**INFORMATION SUPPLIED**.
******************************
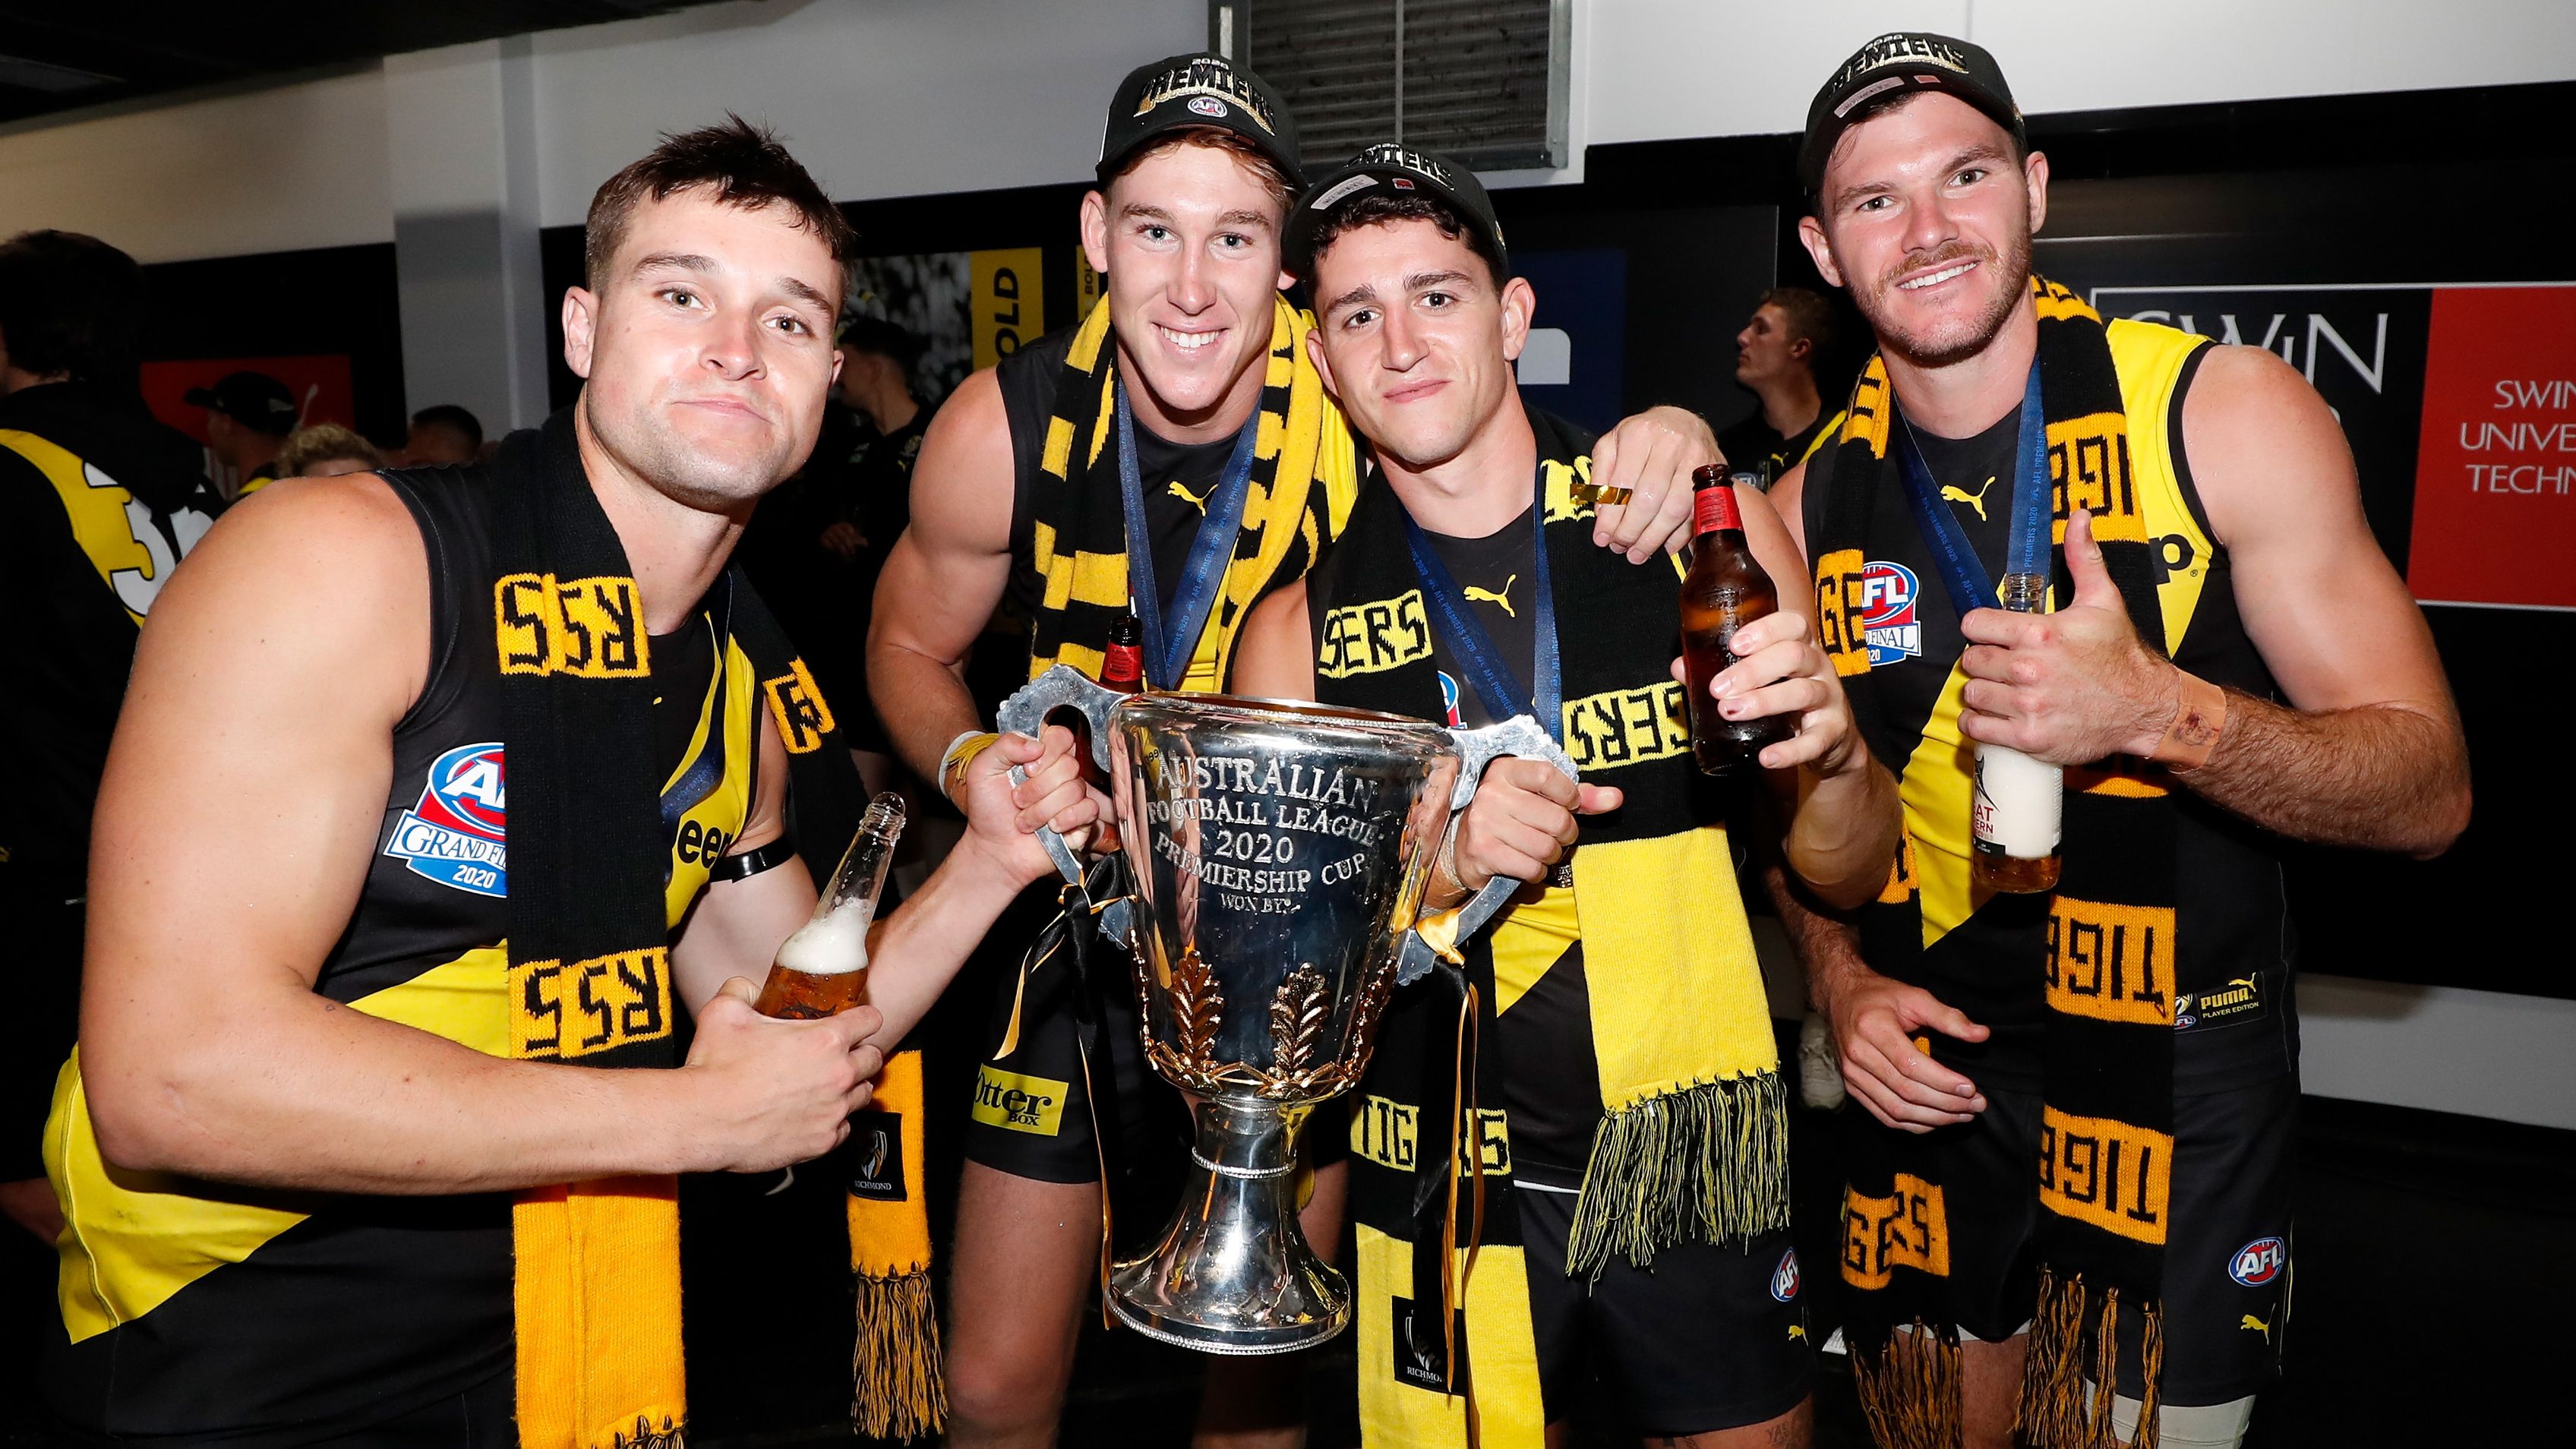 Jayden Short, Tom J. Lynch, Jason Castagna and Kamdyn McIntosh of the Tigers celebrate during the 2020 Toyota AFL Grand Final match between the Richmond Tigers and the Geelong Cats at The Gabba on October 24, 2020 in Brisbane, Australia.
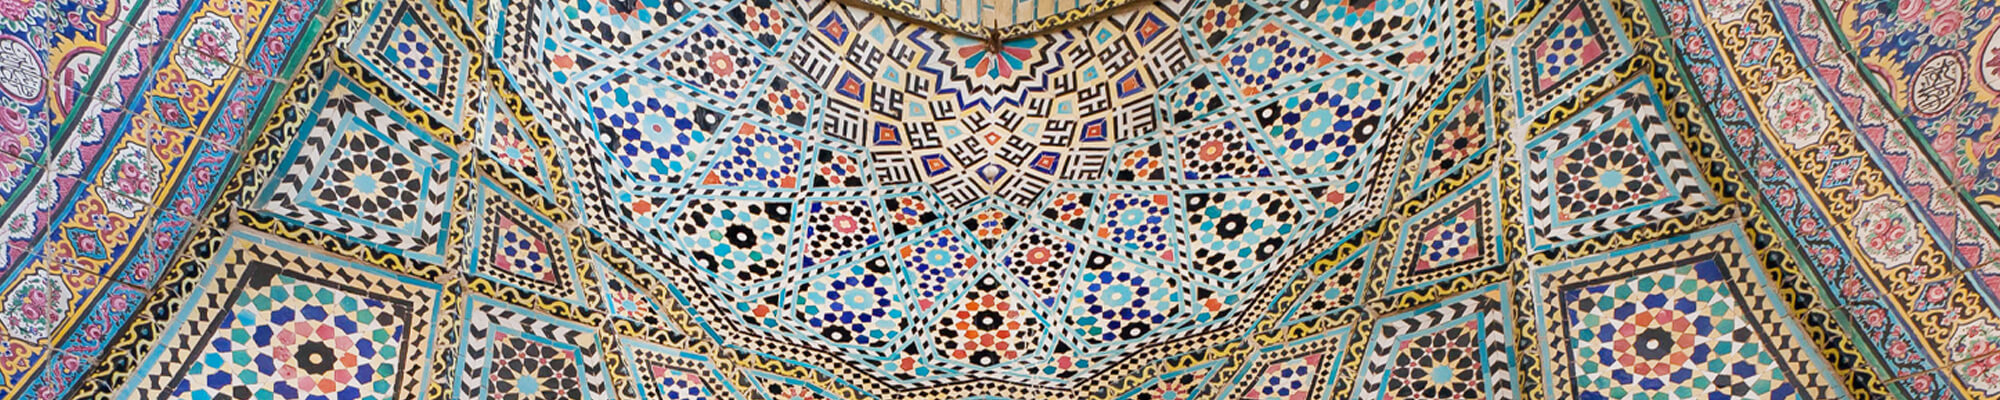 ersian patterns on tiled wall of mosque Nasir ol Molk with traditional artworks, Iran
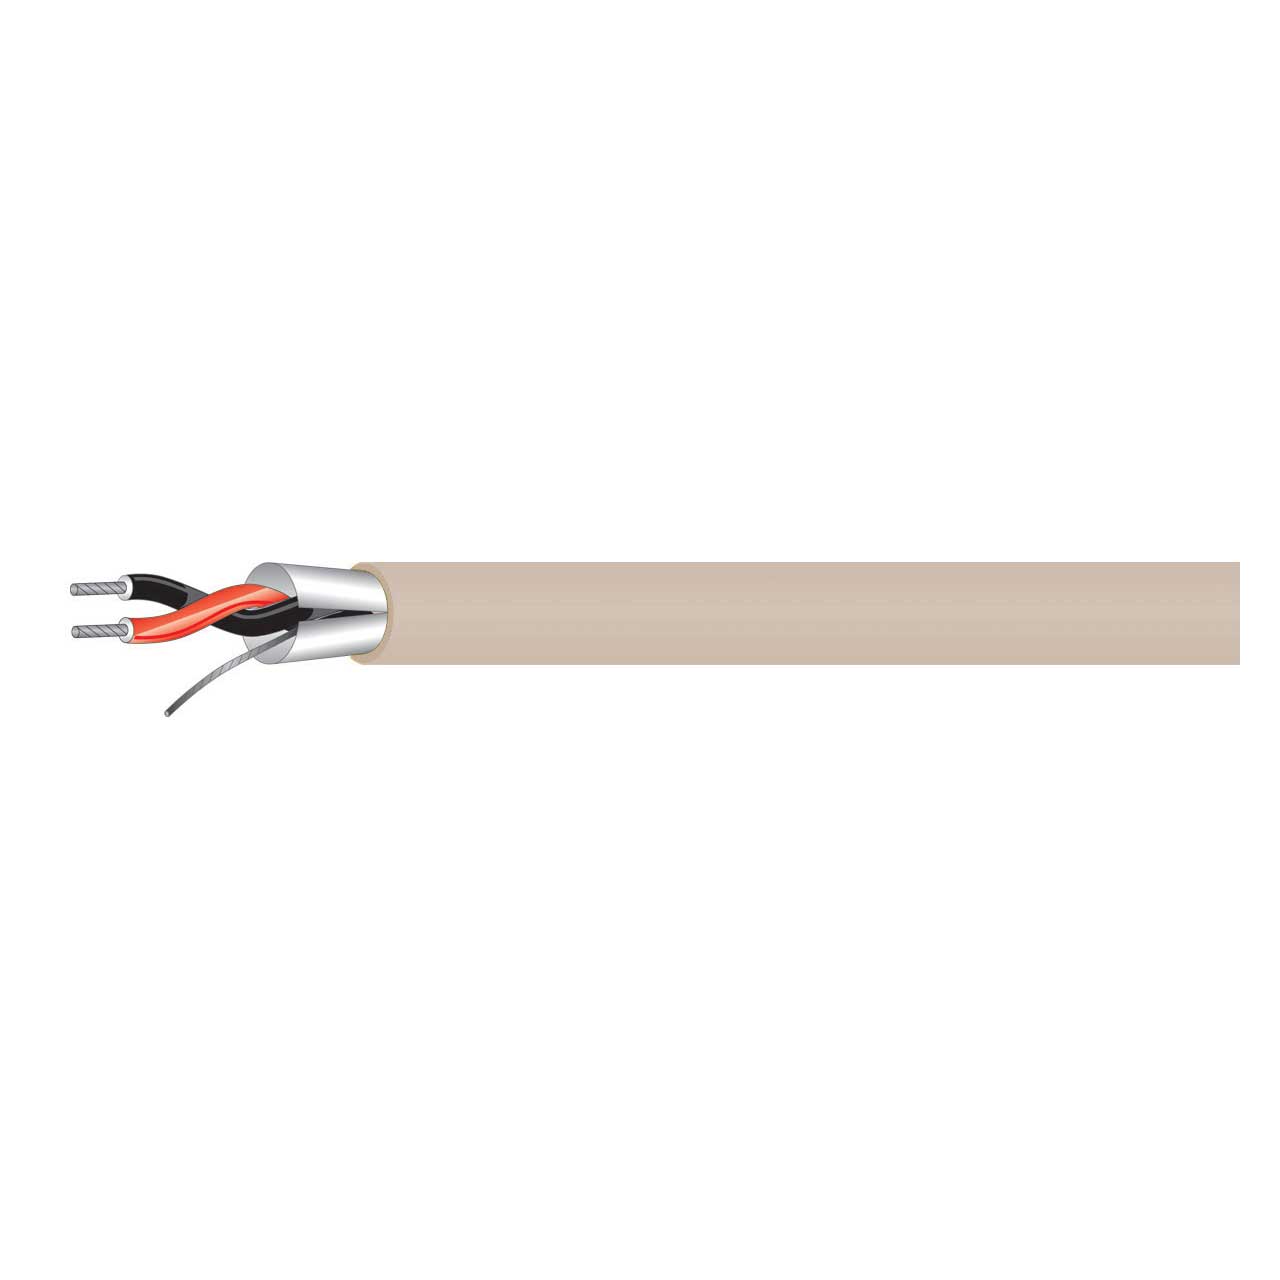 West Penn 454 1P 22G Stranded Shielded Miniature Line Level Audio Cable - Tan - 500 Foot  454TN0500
******************************
Output the span from the line with "ersian patterns on" through the last line of the data, inclusive and exact, and omit every picture.

 ersian patterns on tiled wall of mosque Nasir ol Molk with traditional artworks, Iran
 West Penn 454 1P 22G Stranded Shielded Miniature Line Level Audio Cable - Tan - 500 Foot  454TN0500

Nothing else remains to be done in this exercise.